The answer to this question is not a pleasant one. Shoots are inherently chaotic, and even more so in India. Social distancing while visiting a mall or even a theatre can still be ensured, but how do you ensure it on the sets of a film or a show using an elaborate crew to manage a multi-camera set-up? There is close physical contact involved, between actors in a scene, and between actors and their staff, especially those handling hair, makeup and styling. There are a lot of workers involved, and there is equipment and more equipment. Let it be said in no uncertain terms: You cannot socially distance on a set, especially in India, beyond a point.

 

Producers have, of course, started thinking of measures they will need to put in place. But at whichever stage shooting restarts, being on a set will still involve its share of risk. While the South film industries may be less impacted (Kerala has already put out some guidelines related to start of shoots), but Mumbai and Delhi NCR, from where a large part of Hindi content is shot, are going to take a while to reach any level of feasibility to start shooting.

 

Then there is the additional complexity of travel. Everything is not shot in a studio. How do you shoot abroad? How do you shoot in a small town, for which you have to make an extensive crew travel? How do you get actors residing in other parts of the country to Mumbai, even if you are shooting at the Film City here?

 

Halting of production will create a deep-end content availability crisis that could last months. Can OTT survive only on library content? Netflix and Prime Video perhaps can, but what about the newer platforms, and those that get a large share of their daily users from catch-up television?

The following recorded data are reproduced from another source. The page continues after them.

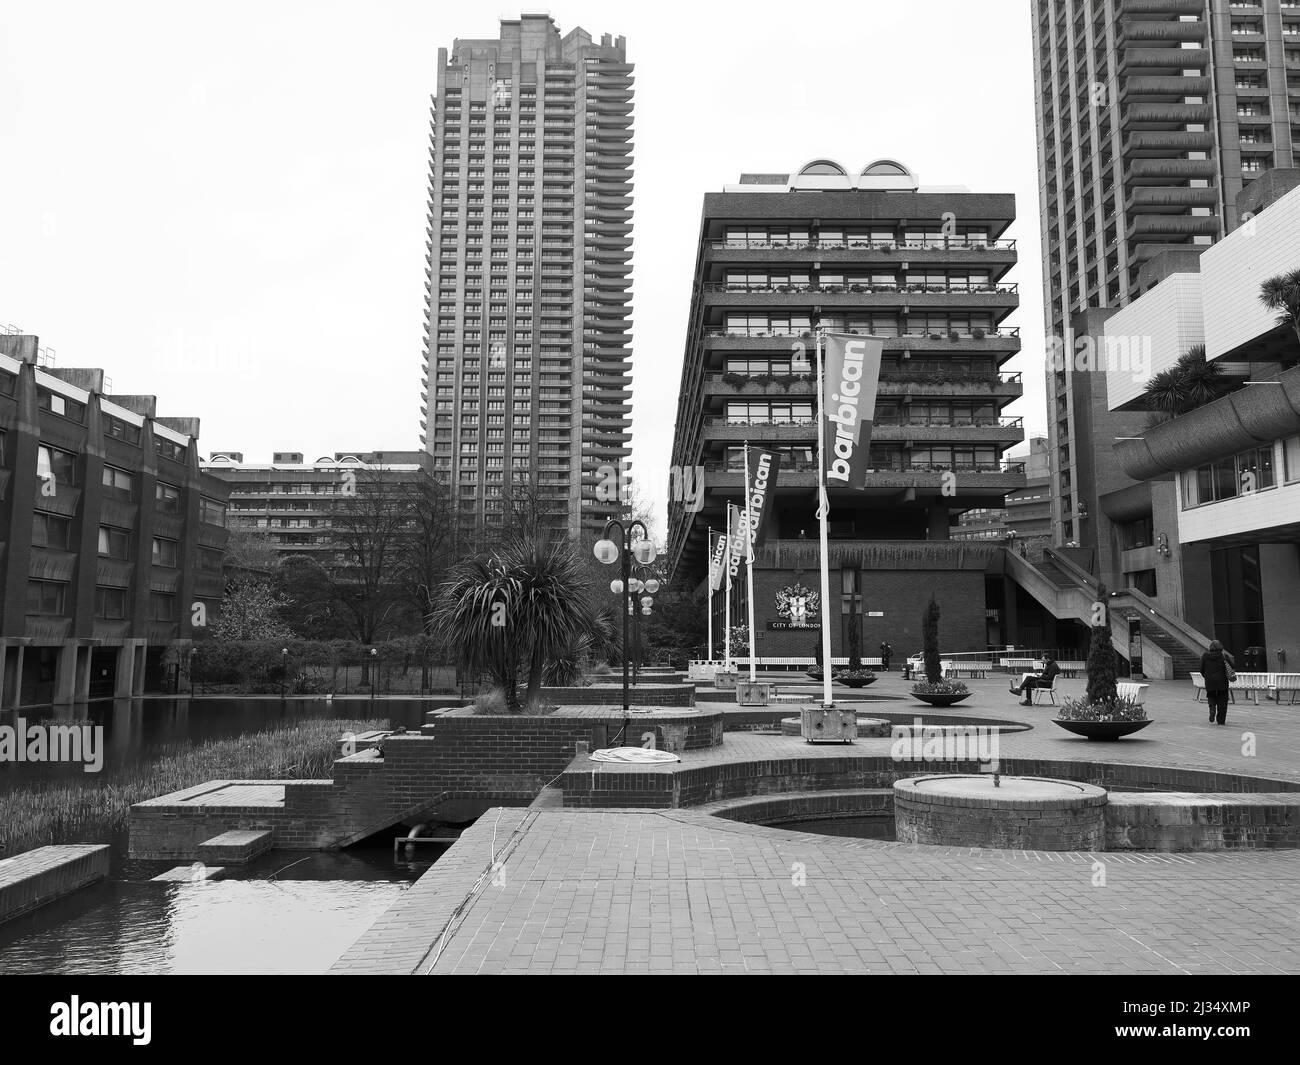 London, Greater London, England, March 29 2022: Part of the Barbican complex with high rise buildings and a courtyard seated area. Monochrome. Stock Photo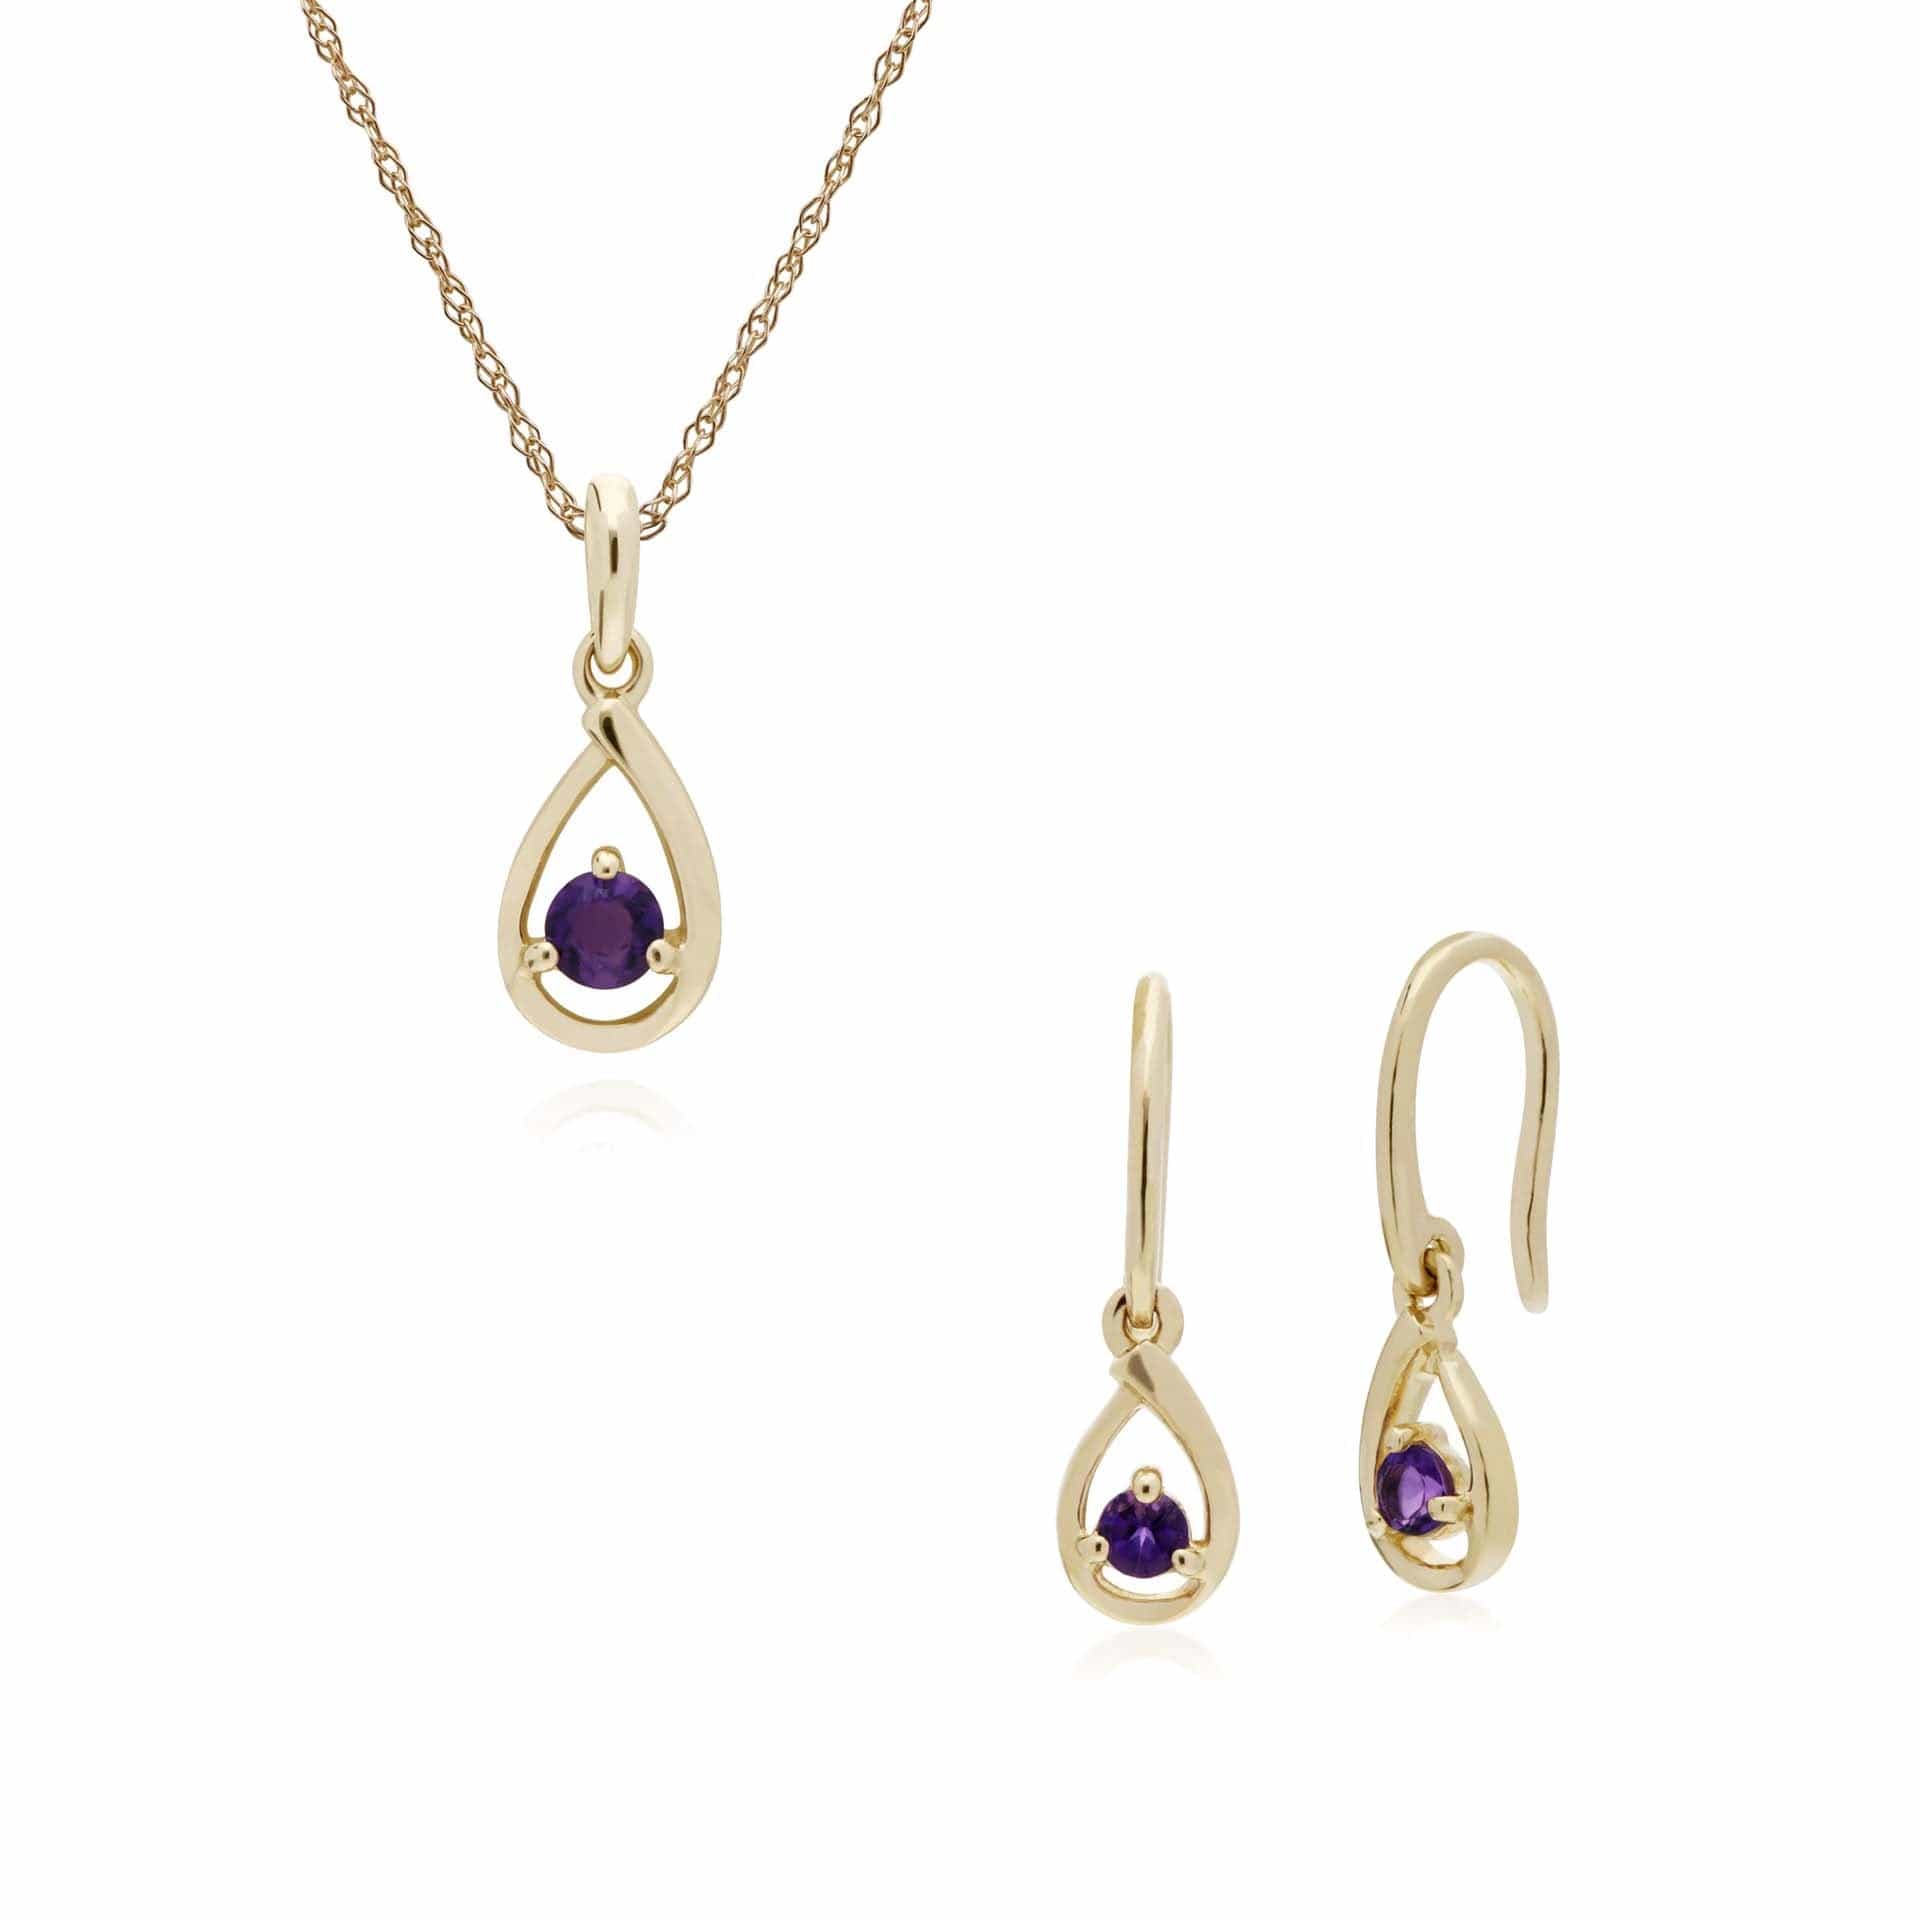 135E1190059-135P1551059 Classic Round Amethyst Single Stone Tear Drop Earrings & Necklace Set in 9ct Yellow Gold 1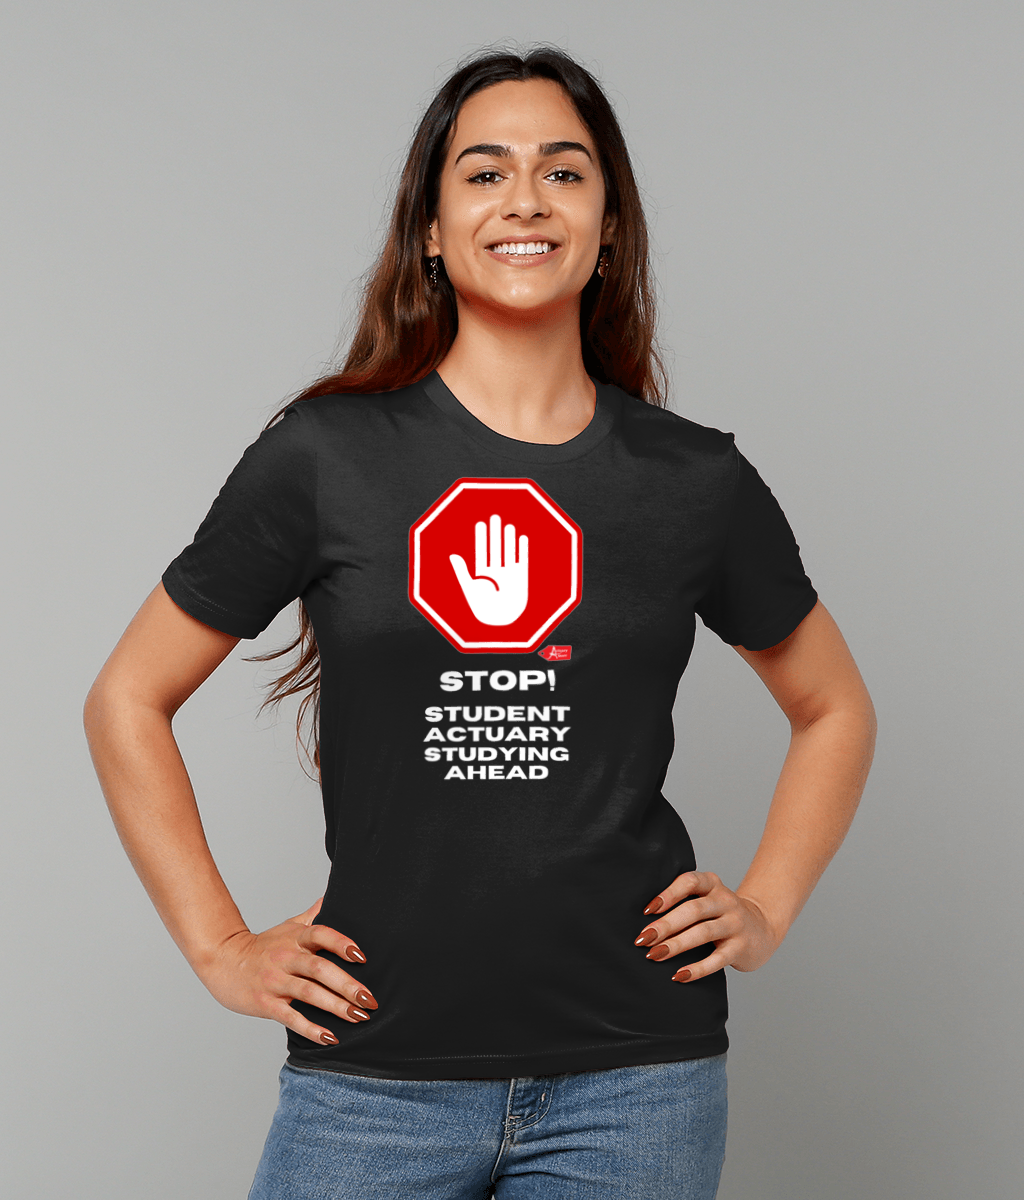 Stop! Student Actuary Studying Ahead T-Shirt

What will GECs show for another three-four months, before they can start shooting? How much can one sustain on nostalgia and how many versions of Ramayan and Mahabharat can you run how many times? I’m surprised more shoot-from-home formats are not out on television already.

 

Films is a peculiar case of its own. Theatres may reopen at some stage with social distancing measures, and some of the films that are ready will eventually be released too. But that can take care of only two-three months. If producers cannot shoot much, we will soon have no content available, leaving theatres open but empty.

 

We are in for a long haul. And the content availability crisis is in for an even longer one.